• 10 year US Government bond yield tops 5%
  • Strong jobs’ market data in the US, economy still largely resilient
  • Israel-Gaza war has had little direct effect, so far 

During October, the financial markets have born witness to the ongoing bond market rout and the ensuing repercussions of the most-followed bond yields. Ironically, the investors are getting more accustomed to the idea of “higher for longer” message reiterated by the main central banks, seemingly adjusting the asset prices in order to reflect the interest rates staying high not just in the short term, but potentially for longer period, too. As a result, the yields on the US 10 Year Treasury bonds have touched 5% for the first time in many years (4.57% a month ago), while German sovereign 10 Year Bond yields have actually declined to 2.78% (2.84% a month ago). With that in mind, the developed markets’ stock index MSCI World has retreated 3% and emerging markets’ stock index MSCI Emerging Markets has dropped 4%.
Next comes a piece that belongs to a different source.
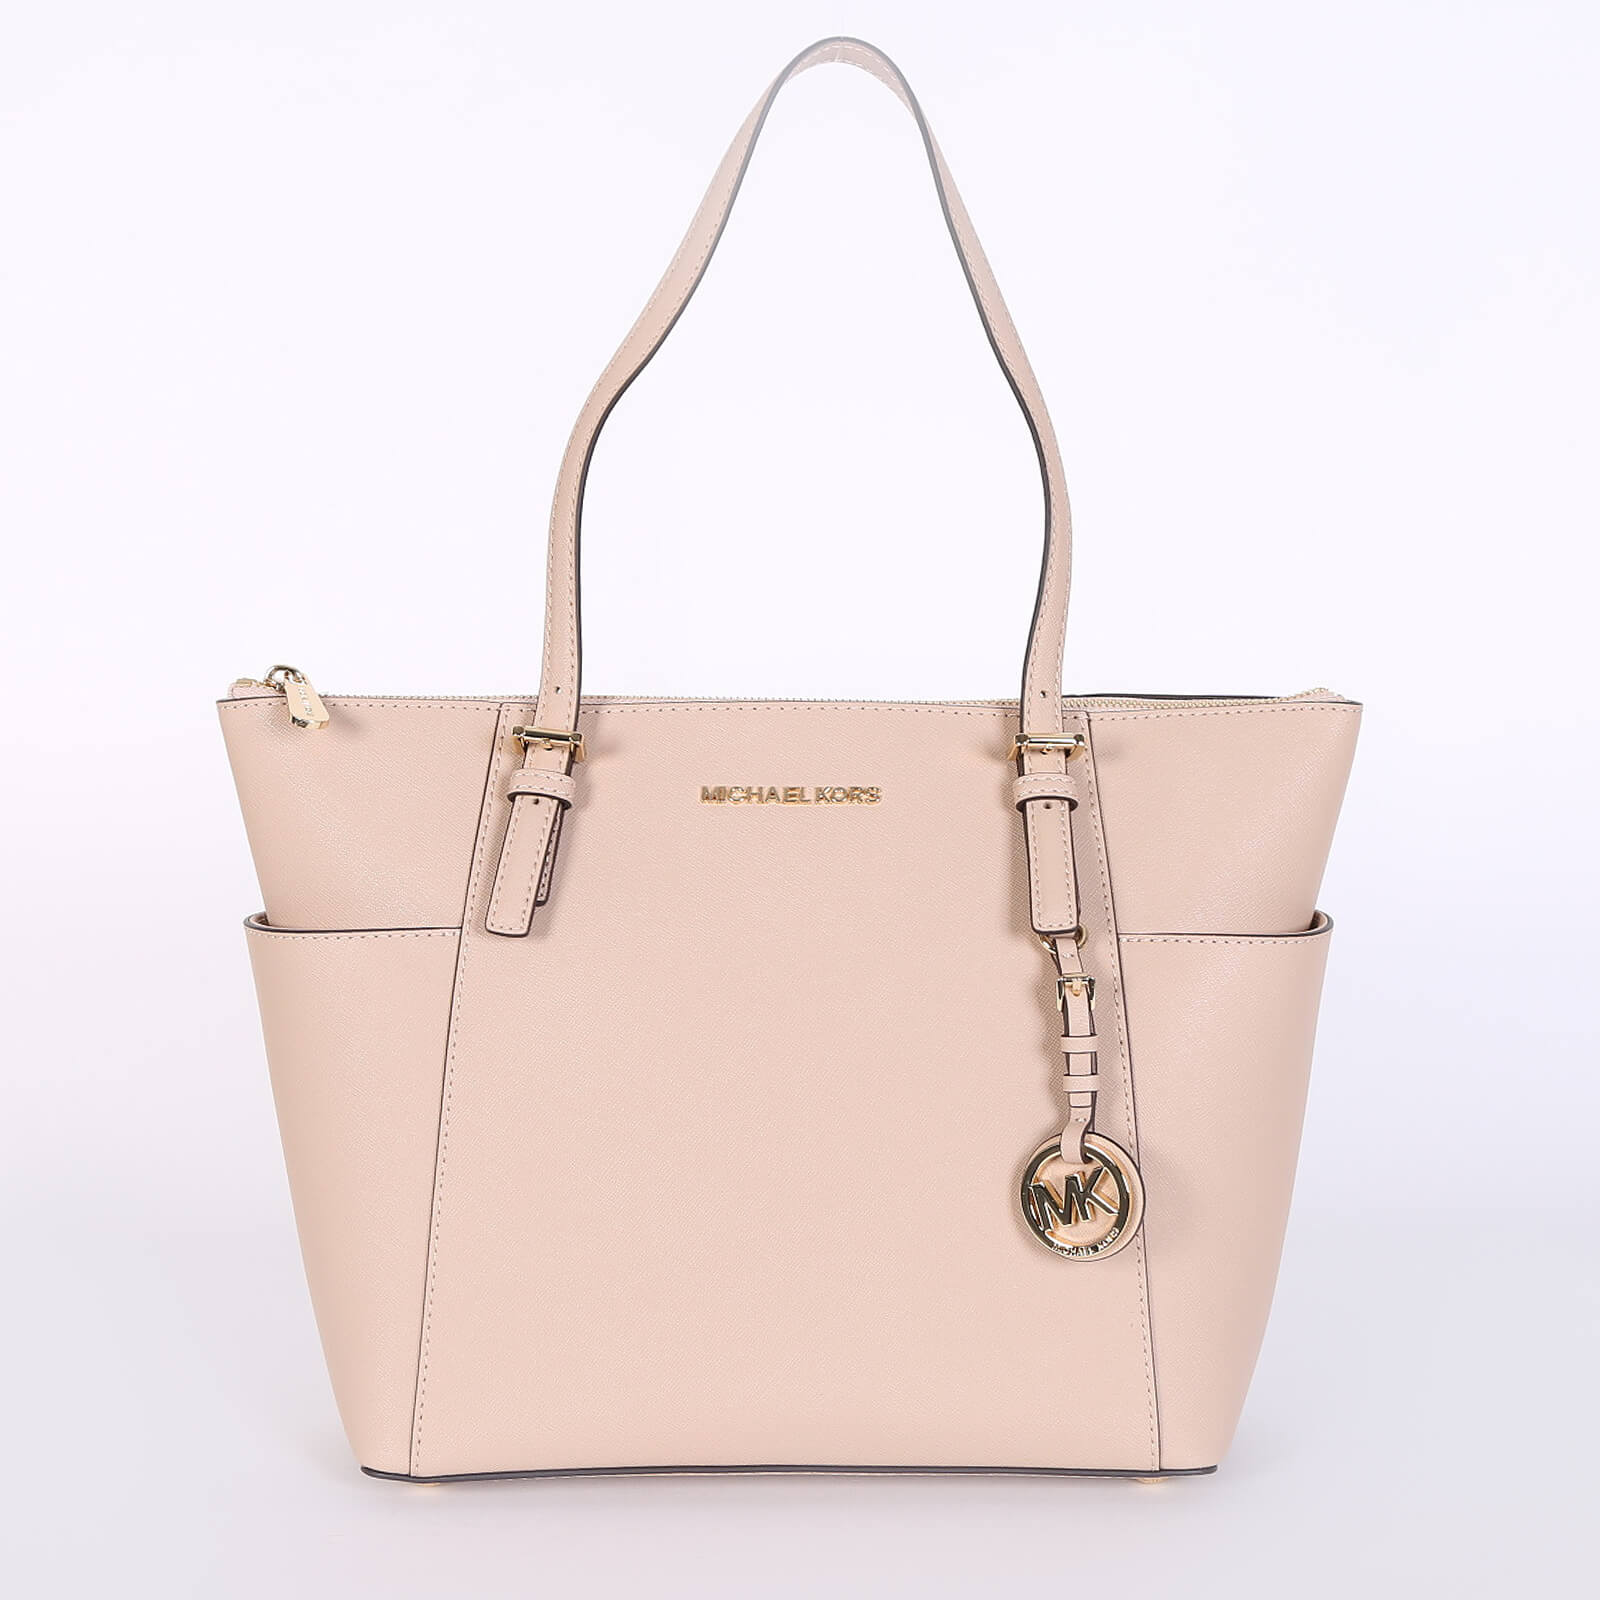 Michael Kors - Charlotte Large Saffiano Leather Top-Zip Tote Beige

Middle East in chaos again

Previous month will be remembered for yet another round of violence in the seemingly never-ending Israeli-Palestinian conflict. In the wake of multiple terrorist attacks on the Israeli settlements and cities, the Israeli state has retaliated with a major offensive on the Palestinian-controlled Gaza strip. As the terrorist attack and the response stood out in terms of casualties and damage done, regional and global powers have warned against the conflict potentially spreading to neighboring countries. The prospect of that has apparently pushed the oil prices up as the tensions escalated throughout the month, although it must be admitted the conflict, so far, has had little effect on the global financial markets, hence the highly-diversified portfolios of the Discretionary Portfolio Management service have remained largely immune to the Middle East tensions.
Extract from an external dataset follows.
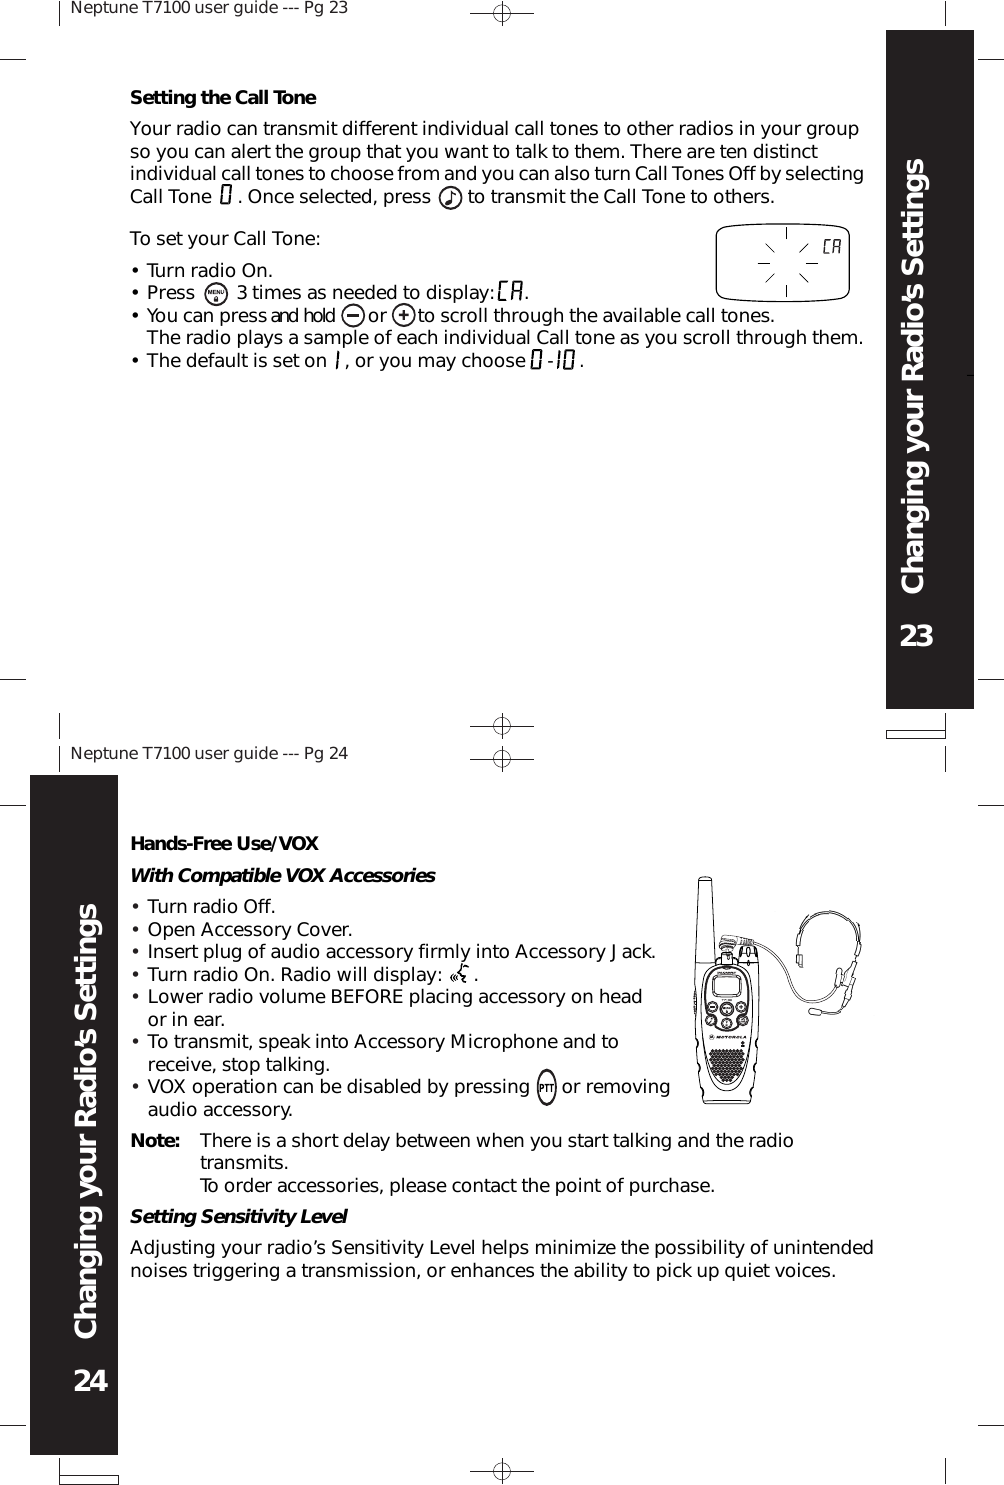 Neptune T7100 user guide --- Pg 2323Changing your Radio’s SettingsNeptune T7100 user guide --- Pg 2424Changing your Radio’s SettingsSetting the Call ToneYour radio can transmit different individual call tones to other radios in your groupso you can alert the group that you want to talk to them. There are ten distinctindividual call tones to choose from and you can also turn Call Tones Off by selectingCall Tone     . Once selected, press       to transmit the Call Tone to others.Tu rn radio  On.Press          3 times as needed to display:         .You can press and  hold         or         to scroll through the available call tones.The radio plays a sample of each individual Call tone as you scroll through them.The default is set on     , or you may choose      -         .To set your Call Tone:••••Hands-Free Use/VOXWith Compatible VOX AccessoriesTurn radio Off.Open Accessory Cover.Insert plug of audio accessory firmly into Accessory Jack.Turn radio On. Radio will display:      .Lower radio volume BEFORE placing accessory on heador in ear.To transmit, speak into Accessory Microphone and toreceive, stop talking.VOX operation can be disabled by pressing      or removingaudio accessory.•••••••Note: There is a short delay between when you start talking and the radiotransmits.To order accessories, please contact the point of purchase.Setting Sensitivity LevelAdjusting your radio’s Sensitivity Level helps minimize the possibility of unintendednoises triggering a transmission, or enhances the ability to pick up quiet voices.

Bond yields continue their march up

Contrary to the many predictions a year ago, the global economy is not easily succumbing to the historically steep hike in the global interest rates. Thankfully, leading economic regions are showing stubbornly low unemployment and GDP growth figures mostly staying above zero, although the variation in between the major economic blocks are vast. The leading economy in terms of upside economic surprises is the USA, which has shown unexpected resilience in the face of the challenges thrown at it. While otherwise that may be very much welcome news, the markets are fixated on the central banks’ ongoing battle on inflation. Looking through these lenses, a resilient economic activity and labor market tightness may signal ongoing support to still-elevated inflation levels, which may require central banks to retain the current high interest rates for longer or even consider increasing them. Therefore, the mostly optimistic surprises on the economic front has caused some investors to suspect that these development could after all really result in “higher for longer” interest rates. While the bond yields have been reaching for the above-mentioned highs, the investors were in a steep structural shift mode, as if re-adjusting their previous expectations that interest rates would stay high for a quarter or two, only.
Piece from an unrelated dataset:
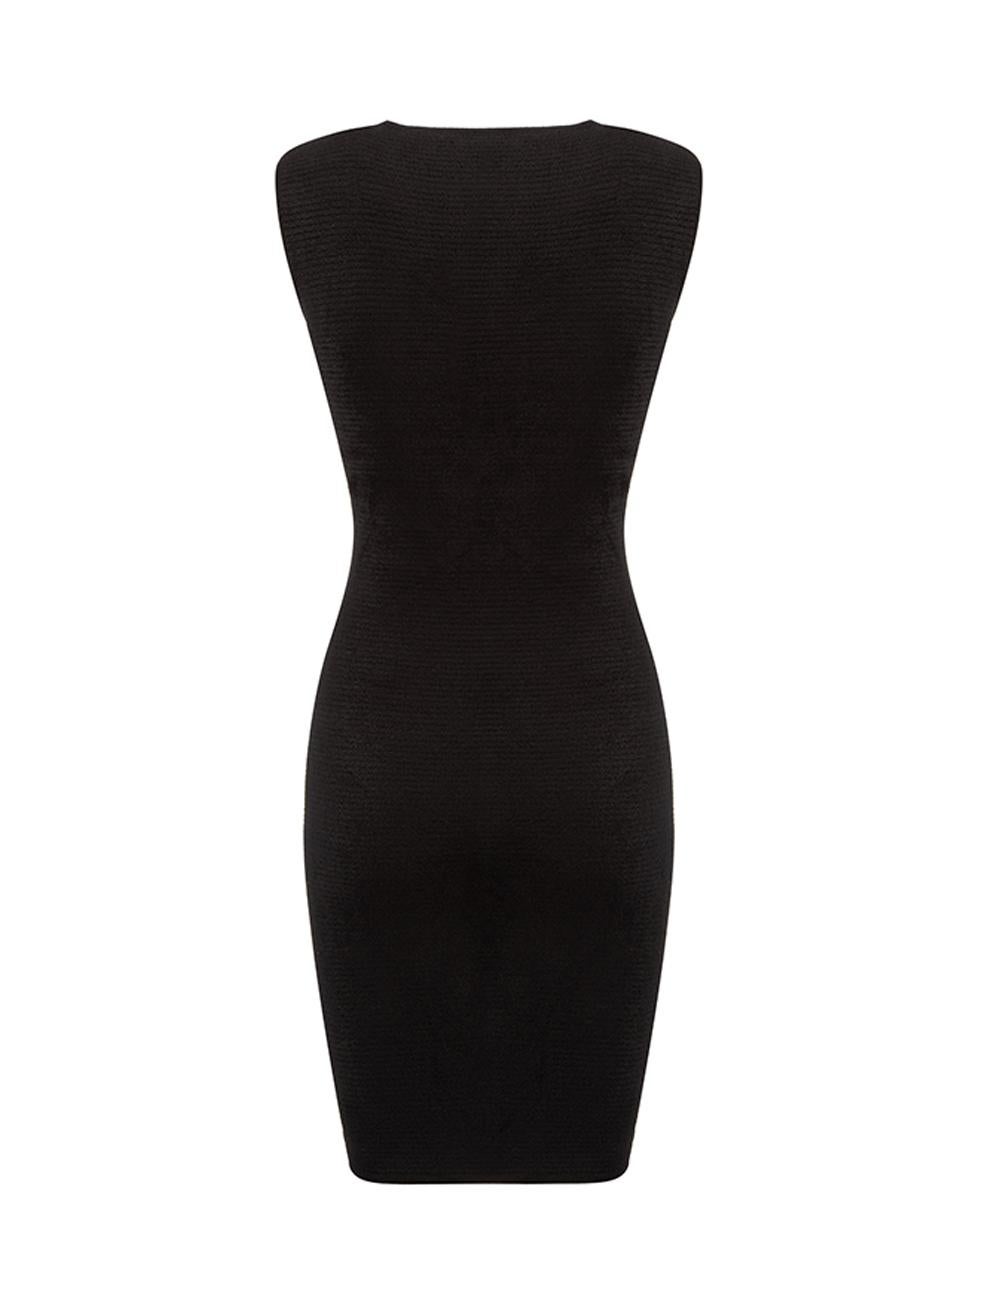 Alexander Wang Women's Black Sleeveless Textured Dress In Excellent Condition In London, GB

Chart 1 – USD 10 yr Treasury yield

Source: Investing com

Companies starting out their reporting season

In October, many companies were reporting their earnings for the 2023 Q3, which in turn have affected the dynamic of the financial markets. The expectations for the current season were not set too high and the base-effect for the economic activity should have looked less challenging, as the companies started reporting lower guidance coupled with slower sales and profits in droves in the second half of 2022, hence the comparisons could show some pick up in the business activity. Having said that, some optimistic twist in the company reports has already been expected by the market, as the price multiples have largely stayed higher in recent months. In other words, the earnings’ season is likely to stay optimistic, but that may be already priced in the current valuations. The expectation has at least partially materialized, even though the earnings’ reporting season was not over as this publication was being prepared for publishing.

Market view

The Luminor investment team is witnessing the slight increase in competitiveness in fixed income versus equities. That is mainly thanks to the increased yields on bonds. Although equities far outweigh the increased yields by expected returns, the still-uncertain prospects of global economic activity supports slightly more conservative market positioning with a minor preference to fixed income.